The Day Strange (2)

141 30 20
                                    

"...atau bisa disebut fase dimana kau akan mengetahui apa arti pertemanan sejatinya. Meski semua jauh dari kata nyata. Meski semua jauh dari indra pengrasa. Masihkah kau beranggapan jika pertemanan kental selalu berawalan dengan pertemuan pertama yang terlihat indah?
Ahaha, tidak semuanya."

***

  "Apa saja yang dia ambil?" tanya Halmeonie cemas pada pekerjanya, kulit keriputnya yang pucat mulai terbasahi peluh. Dahi mengkerut dengan getaran-getaran yang sedikit menggoncangkan area pipinya, mungkin evek terlalu syok sehingga gemetar.
 
   "Beberapa setel baju yang termahal dan uang." jawab salah satu pekerja yang juga terlihat panik sembari meletakkan ponsel genggam pada telinganya, jemarinya menggenggam erat ponsel itu, sedangkan mulutnya berkomat-kamit menunggu jawaban dari sebrang sana, entah siapa yang ingin ia telfon.
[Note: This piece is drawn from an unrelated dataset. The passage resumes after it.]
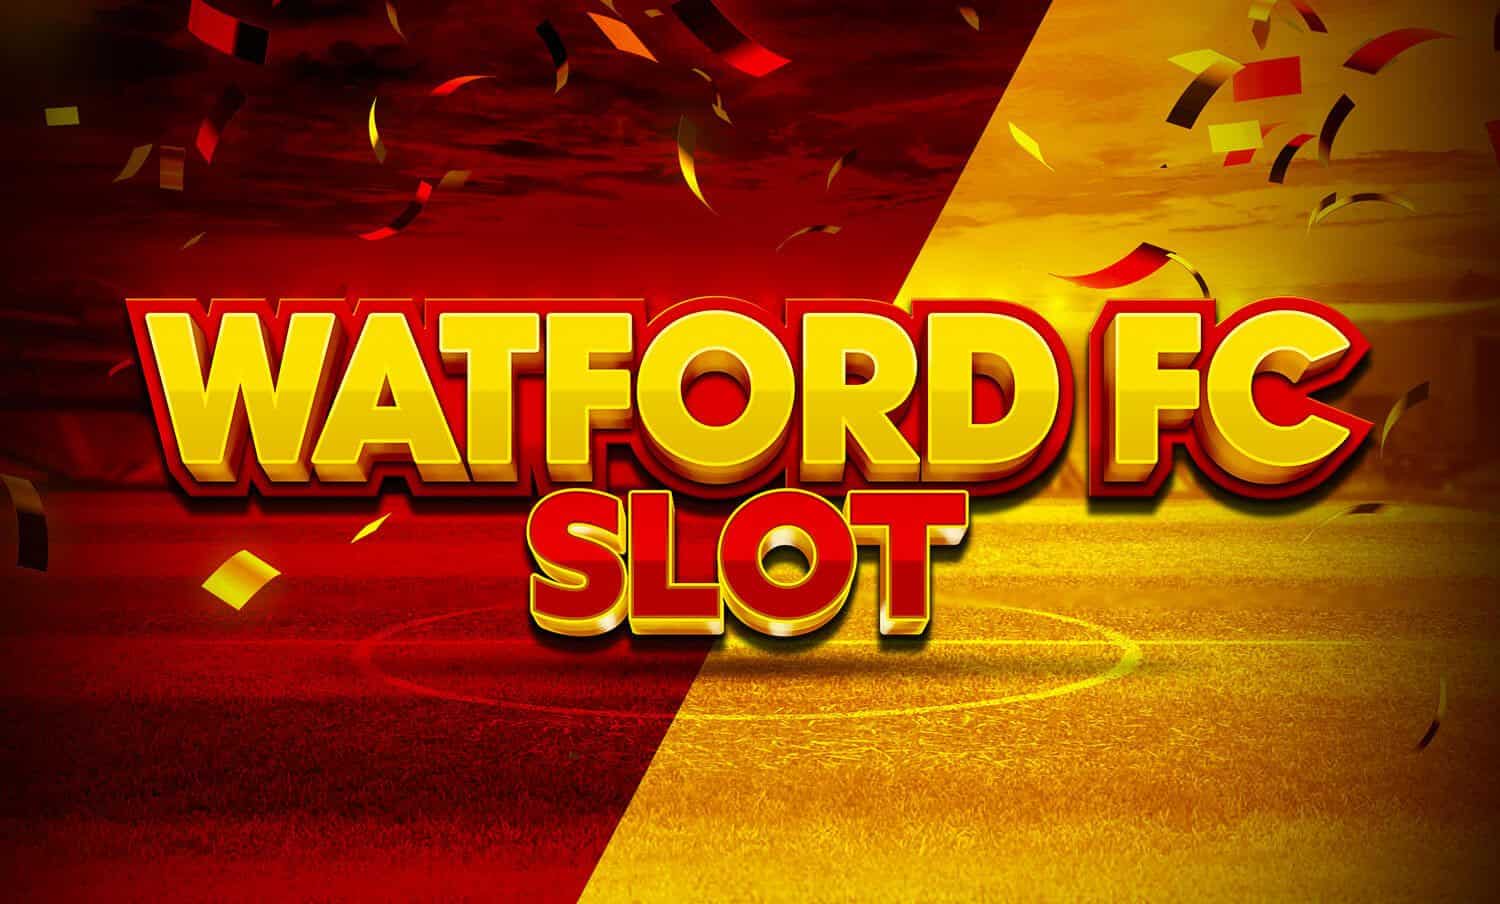 Watford FC Slot slot cover image

   Para pembeli merasa ketakutan sehingga meninggalkan tempat ini segera. Halmeonnie merasa kecewa atas kejadian ini,  ucapan maaf tak luput beliau lontarkan pada pelanggannya atas kejadian yang pastinya membuat mereka merasa terganggu. Sedangkan aku, merasa khawatir pada Kun Hee. Bagaimana jika pencuri itu membawa pisau dan menusuknya? Aah itu terlalu mengerikan, seperti drama saja.
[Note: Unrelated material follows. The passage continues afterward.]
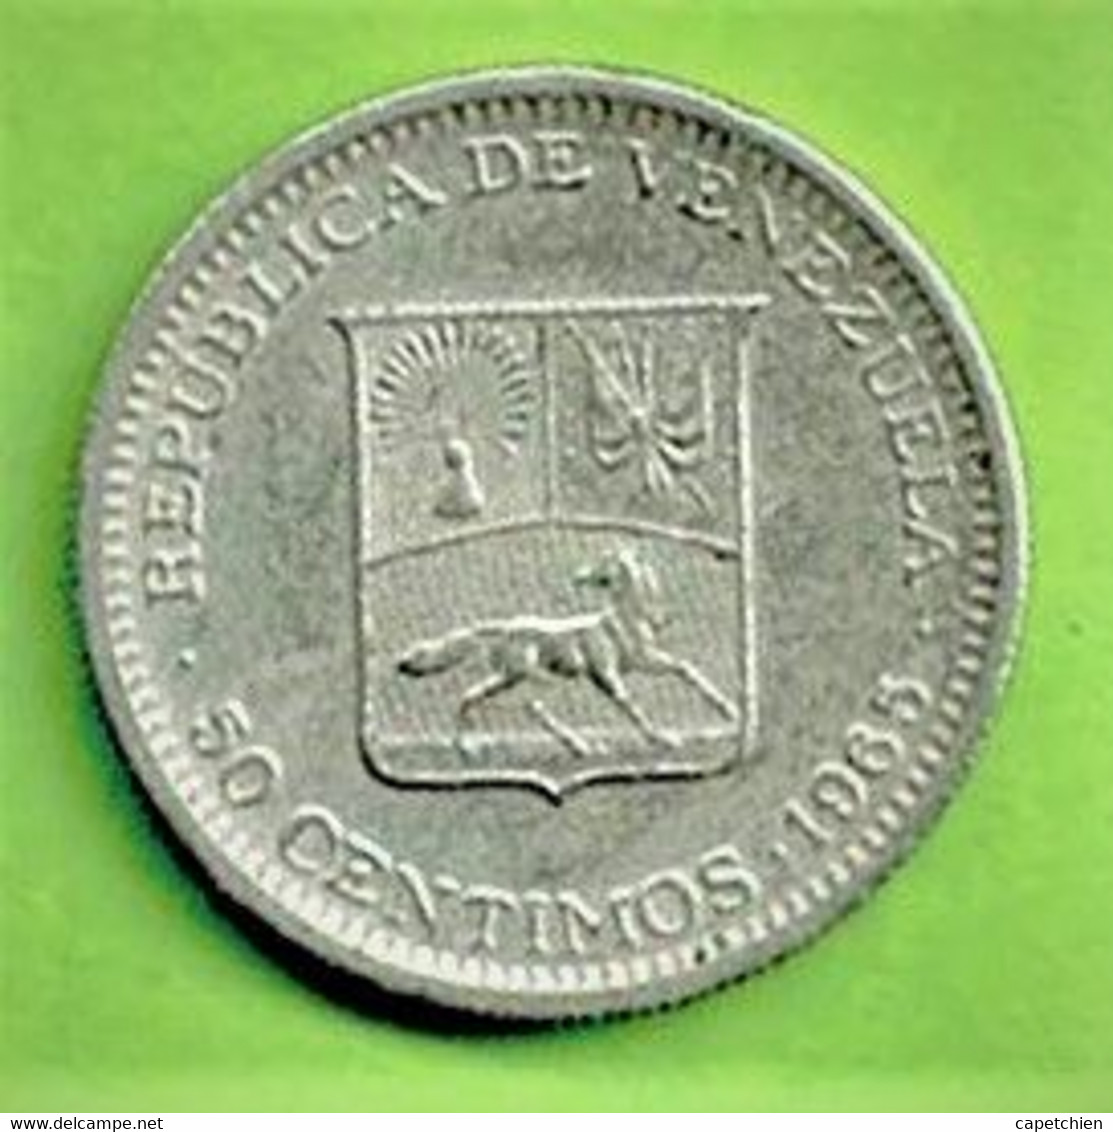 REPUBLICA DE VENEZUELA / 50 CENTIMOS / 1965 / BOLIVAR LIBERTADOR - Venezuela

   Entah sudah beberapa menit, pikiranku semakin berasumsi entah kemana arahnya. Terlihat seorang pria bermantel biru tua setengah berlari dengan langkah khas yang pasti. Dari cara dia melangkah seperti itu, ingatanku kembali pada drama-drama yang sering ku lihat, barisan-barisan para tentara dengan balutan seragam ketat hingga membentuk postur tubuh tegas yang berlarian di lapangan. Eh, aiissh, Kau ini apa-apaan Lee Sang Mun dasar bodoh, aigo. Gerutuku menyadari kekonyolan ini. Sosok pria itu makin mendekat dengan langkahnya yang menuju pada tempatku berdiri. Yaa ... Siapa lagi, dia Kun Hee. Tanpa basa-basi segera ku menghampirinya. "Apa kau tidak apa-apa? bagaimana pencurinya? Dimana pencurinya?" tanyaku bertubi-tubi. Kun Hee melesat  dengan senyuman yang mengembang di bibirnya menghampiri sang Nenek. "Dia. SANGAT MENJENGKELKAN!" umpatku. Serasa sesuatu menutup telingaku yang panas ini, mungkin efek geram. Pria itu, sepertinya mengerjaiku hingga bersikap sagat menjengkelkan. Tanganku meremas kuat ujung bajuku, menahan kekesalan. Bagaimana tidak, sedari tadi aku yang menghawatirkannya hingga menunggu seperti orang gila disini, tp sikapnya acuh seperti itu.

   Mataku melirik kilat kearah dimana pria itu berdiri saat ini, "Apa benar ini barangnya? Baju dan Uang. Coba di hitung kembali, si Pencuri sudah berhasil di amankan oleh Security," jelas Kun Hee yang kemudian melirik ke arahku sekilas yang kubalas dengan memalingkan wajah dengan ekspresi kesal dan melesat pergi. Nenek mengambil barang di tangan Kun Hee dan menyuruh pekerjanya mengecek kembali.

   Umm, mengenai tuduhan pencurian pada kami...

   Terlihat senyuman mengembang diantara wajah pucat pasi bercampur peluh yang menempel di kulit yang mulai keriput. Sepertinya keberuntungan memihak kami, mereka percaya jika kami tidak melakukan apa yang mereka pikirkan. Kun Hee memberi aba-aba untuk pergi, kepalanya ia gerakkan dan matanya menatap sekilas menuju pintu keluar. Tanganku mengulurkan sebotol mineral di hadapan nenek pemilik toko itu—botol mineral yang sempat ku beli setelah Kun Hee datang dan memberi kabar jika sang pencuri berhasil diamankan—manik mata sang nenek melirik botol itu dengan wajah datar, seperdetik kemudian terlihat senyum mengembang pada segaris bibirnya membuat perasaanku lega. Kun Hee berdehem mengisyaratkan, segera saja kakiku melangkah alih-alih menatap antara sang nenek dan Kun Hee.

   "Tunggu, hei anak gadis siapa namamu?" tanya Nenek.

   Seketika kami berdua berhenti melangkah. "Naega? Conun Lee Sang Mun-ieyo imnida (Saya? Saya adalah Lee Sang Mun), " ucapku bingung.